Разочарованию их не было предела. Я, чтобы их утешить, помогал им собирать различные артефакты. Предметы лапландского обихода из оленьего рога или карельской березы. Подробно рассказывал о предшествующей христианству лапландской мифологии, во многом сохранившейся в народном сознании. Откуда-то они узнали место, где был жертвенник, и начали его так неумело раскапывать, что наверняка навлекли бы на себя гнев археологов. Что они хотели там найти? Может быть, серебро? Вряд ли. Лапландские жертвоприношения – это оленьи рога и связанные гирляндой оленьи копыта.
В конце концов я проводил их на заброшенное кладбище в Марккине. Церковь давно снесли, но погост еще угадывался. Не могу описать энтузиазм, охвативший копенгагенских антропологов, когда они сообразили, куда я их привел. Чуть не дрожа от возбуждения, схватились за лопаты. То и дело бросая настороженные взгляды, не следит ли за ними кто-то непрошеный, они побегали по кладбищу, выбрали почти уже неразличимый холмик с просевшей землей и начали копать. Очень быстро наткнулись на гнилые доски. Отбросили лопаты и принялись раскидывать землю руками. Это был не гроб, а саамские сани, и в них лежал труп низкорослого мужчины. На спине, со сложенными, как для молитвы, руками. Сани, одежда из оленьих шкур – несомненно, кочевник. Они быстро расширили яму, спрыгнули вниз, достали щетки и маленькие лопатки, расчистили землю, откинули покрывавшую голову шкуру и ахнули от восторга.

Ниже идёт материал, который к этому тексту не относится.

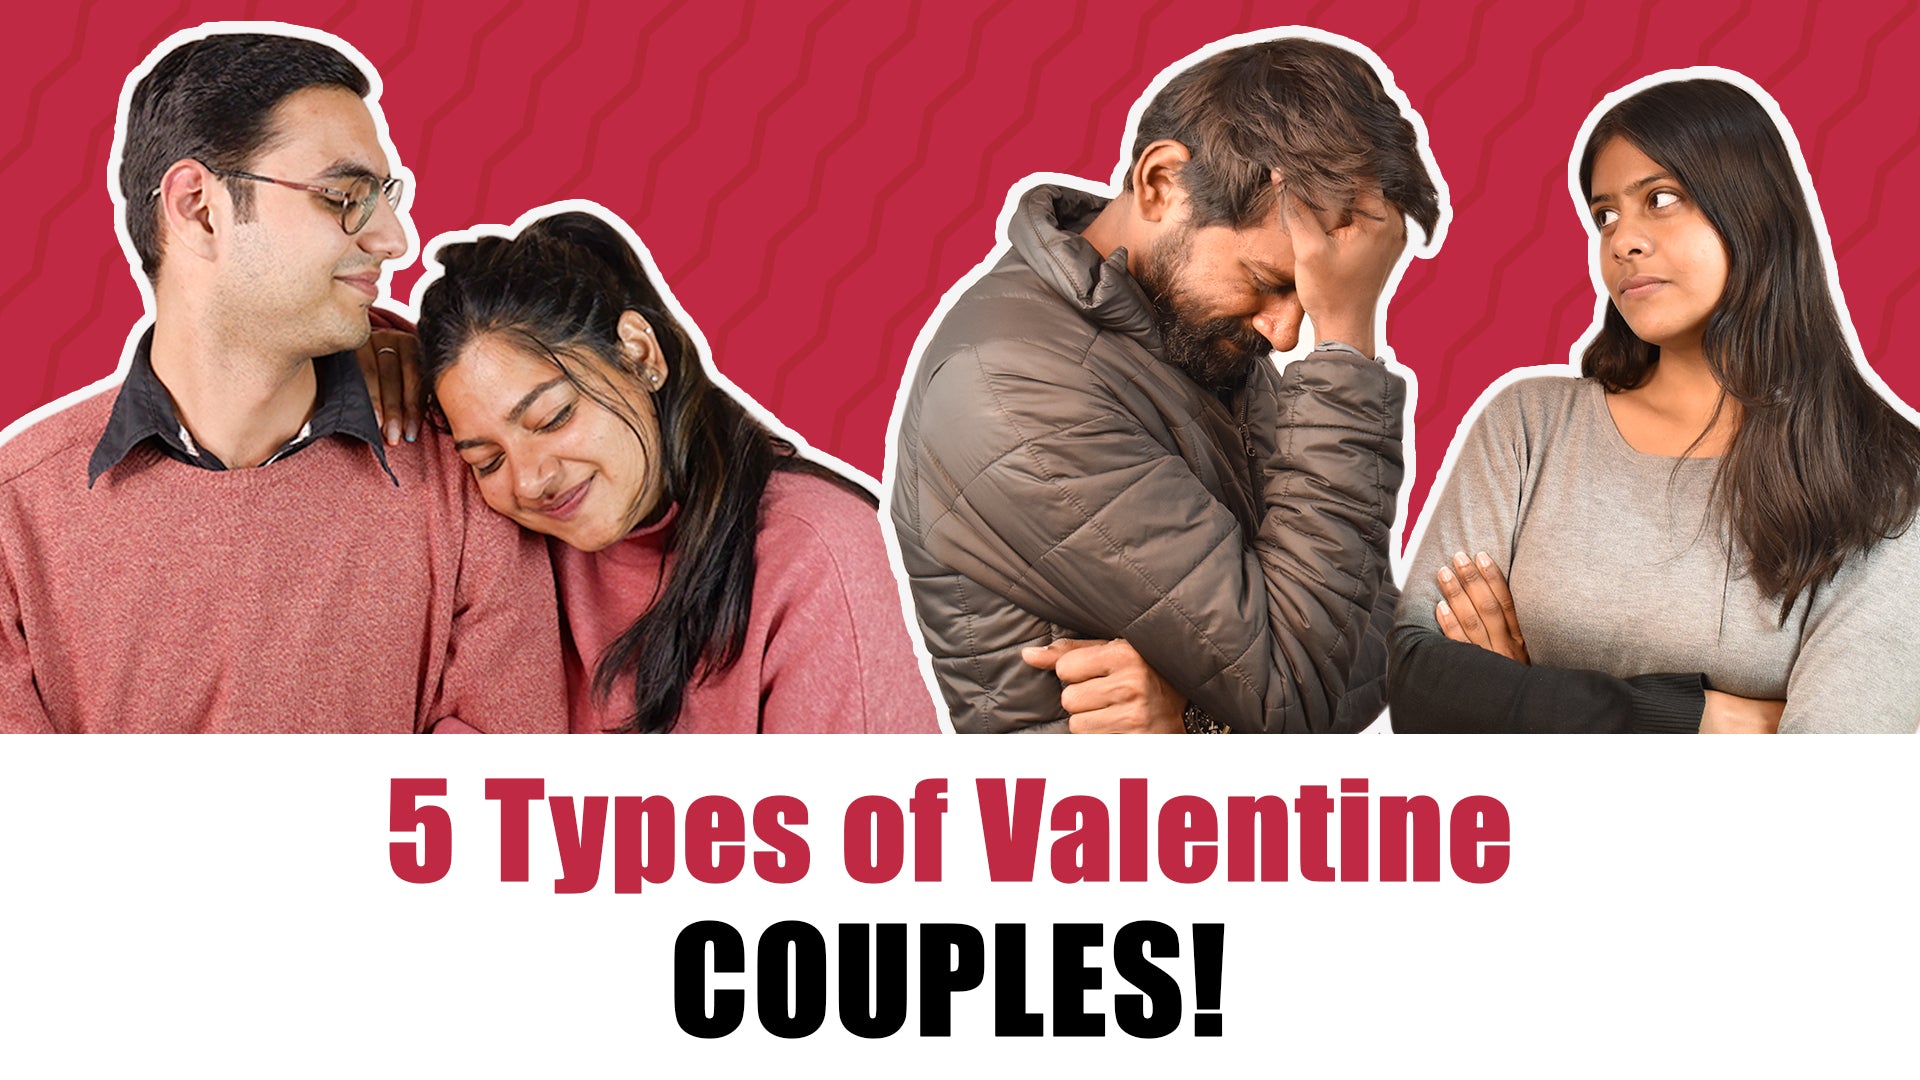 Types of Couples on Valentine's

Это был хорошо сохранившийся экземпляр. Мягкие ткани, естественно, подверглись декомпозиции, как и глазные яблоки. Но кожа сохранена, даже брови. Нижняя челюсть отвалилась, обнажив полный комплект здоровых зубов – значит, умер в сравнительно молодом возрасте. Искусно скроенная и сшитая саамская традиционная шапка. Ученые попытались ее снять, чтобы оценить сохранность черепа, но шапка почему-то сидела очень плотно, и пришлось повозиться. К их восторгу, никаких повреждений или деформаций от многолетнего давления земли не обнаружилось. Одним словом, тело было в превосходном состоянии, что вызвало немало проблем с отделением головы. Если бы у них не было с собой топорика, высохшие, но из-за этого только прибавившие в прочности мощные связки вряд ли удалось бы пересечь. Из могилы поднимался тяжелый запах. Я отошел подальше и там ждал, пока они закончат работу. Голову положили в толстый мешок и снабдили надписью, как и деревянный ковш, и некоторые другие найденные в могиле предметы.

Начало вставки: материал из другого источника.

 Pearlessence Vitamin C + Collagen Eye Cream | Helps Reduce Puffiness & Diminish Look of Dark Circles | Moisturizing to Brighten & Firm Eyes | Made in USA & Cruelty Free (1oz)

Я спустился к реке, вымыл руки, набрал в ладони воды, смочил голову, провел руками ото лба к затылку – мне показалось, что моя голова сидит не так уж прочно. Отпусти я руки, и она рухнет на землю.
Когда вернулся, они уже раскапывали другую могилу – рассчитывали найти труп женщины. Если им повезет, сказали они, в их руках окажется бесценный материал для сравнительной анатомии.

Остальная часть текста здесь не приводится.